Sony RX100 III vs RX100 IV vs RX100 V: Viewfinder and LCD
- RX100 III: 3in tilting LCD, 1.229m dots; EVF with 0.59x mag. and 1.44m dots
- RX100 IV: 3in tilting LCD, 1.229m dots; EVF with 0.59x mag. and 2.36m dots
- RX100 V: 3in tilting LCD, 1.229m dots; EVF with 0.59x mag. and 2.36m dots
All three models feature built-in electronic viewfinders that offer 100% coverage of the scene. The only main difference here is that the RX100 III's viewfinder has a resolution of 1.44million dots, whereas the two newer cameras have improved 2.359million-dot panels.
All three models also have the same LCD screen that tilts 45° downwards and 180° upwards – ie all the way around to face the front.

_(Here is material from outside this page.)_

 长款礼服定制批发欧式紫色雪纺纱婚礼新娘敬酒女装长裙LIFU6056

None of the LCD screens are touch sensitive, although Sony has recently added this to its RX10 and Alpha lines, so it seems like a logical feature on any upcoming Sony RX100 VI –
especially given the new on-sensor phase-detect AF system.

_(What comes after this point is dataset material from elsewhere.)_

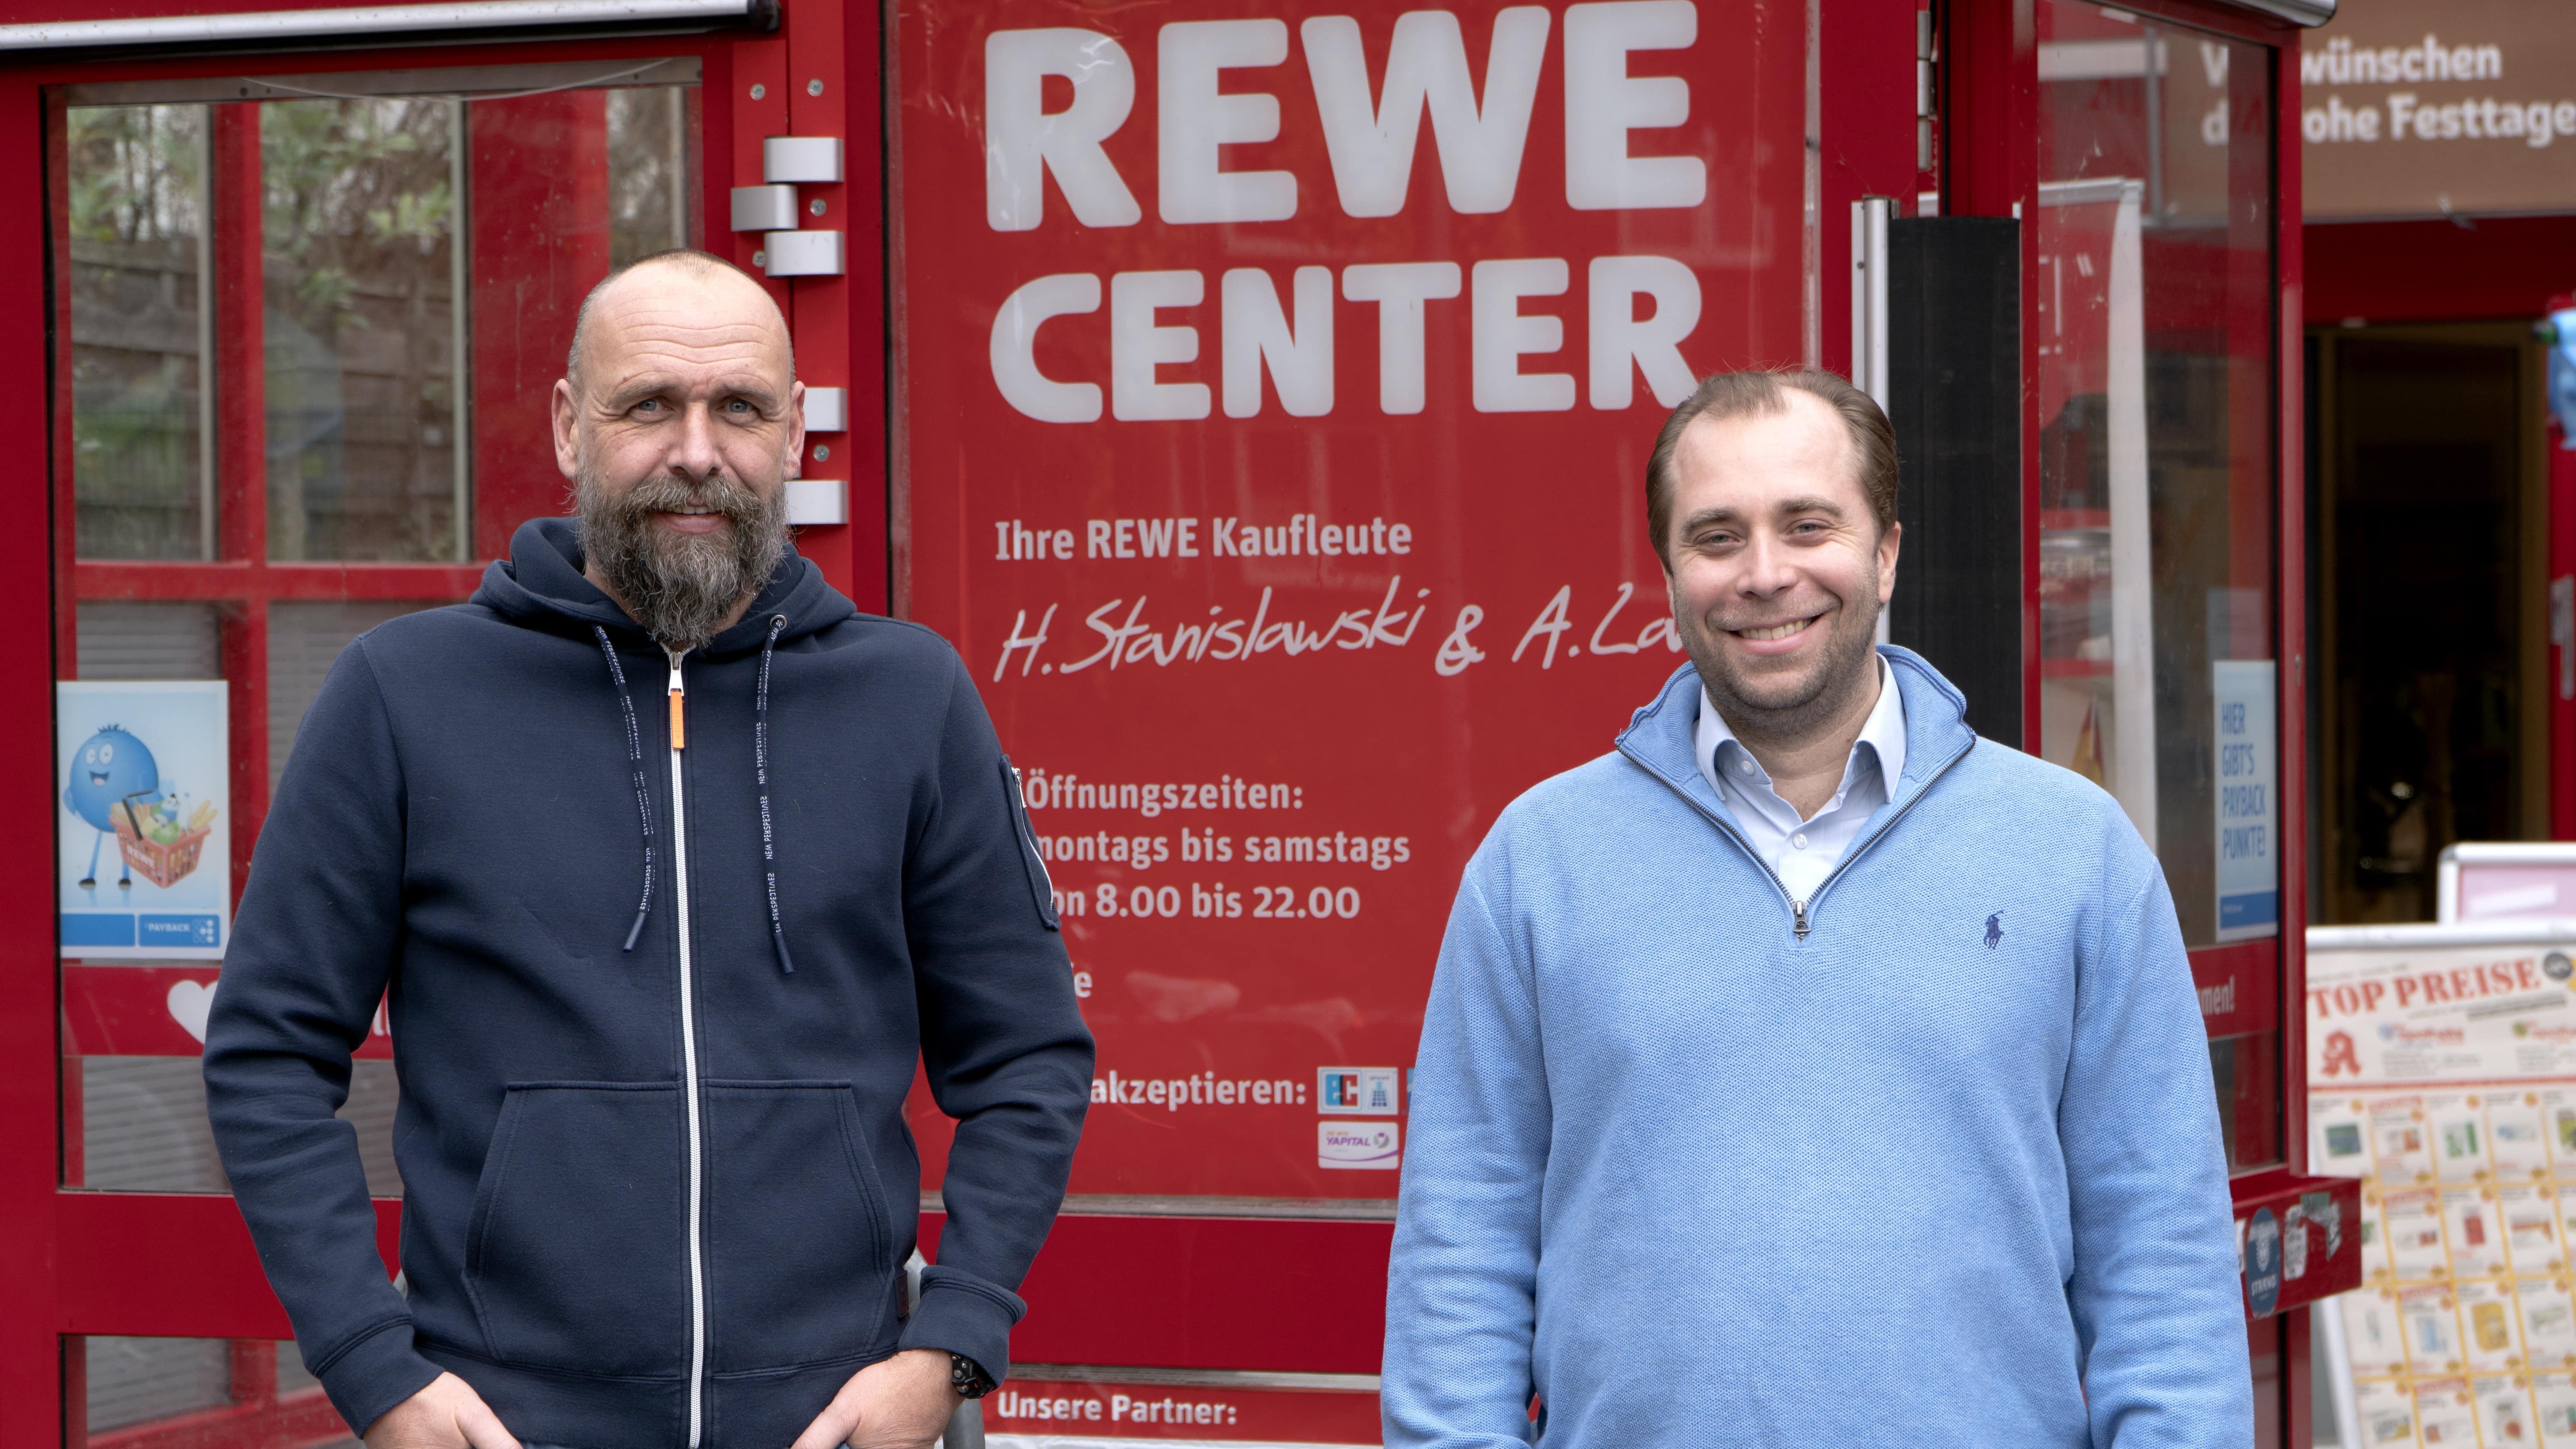 REWE Center, Dorotheenstraße 116 in Hamburg

Sony RX100 III vs RX100 IV vs RX100 V: Build and design
- RX100 III: 290g (inc. battery and card); 102 x 58 x 41mm
- RX100 IV: 298g (inc. battery and card); 102 x 58 x 41mm
- RX100 V: 299g (inc. battery and card); 102 x 58 x 41mm
There's very little to split these three in terms of build and design.

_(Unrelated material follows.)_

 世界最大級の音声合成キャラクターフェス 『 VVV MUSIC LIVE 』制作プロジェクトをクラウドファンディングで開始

The tough, aluminium bodies have an identical control layout, with precisely the same dimensions and no discernible difference in weight between them. The fact that all three lack a grip of any sort doesn't sit well with everyone, but optional grips do exist for the benefit of those that fall into this camp.
Given that the only real difference between these three is the Roman numerals after the RX100 symbol, this is clearly a design Sony believes in.
Sony RX100 III vs RX100 IV vs RX100 V: Other features
- RX100 III: Wi-Fi and NFC; single SD/MemoryStick card slot; built-in flash
- RX100 IV: Wi-Fi and NFC; single SD/MemoryStick card slot; built-in flash
- RX100 V: Wi-Fi and NFC; single SD/MemoryStick card slot; built-in flash
Once again, we're looking more at similarities than differences when it comes to features.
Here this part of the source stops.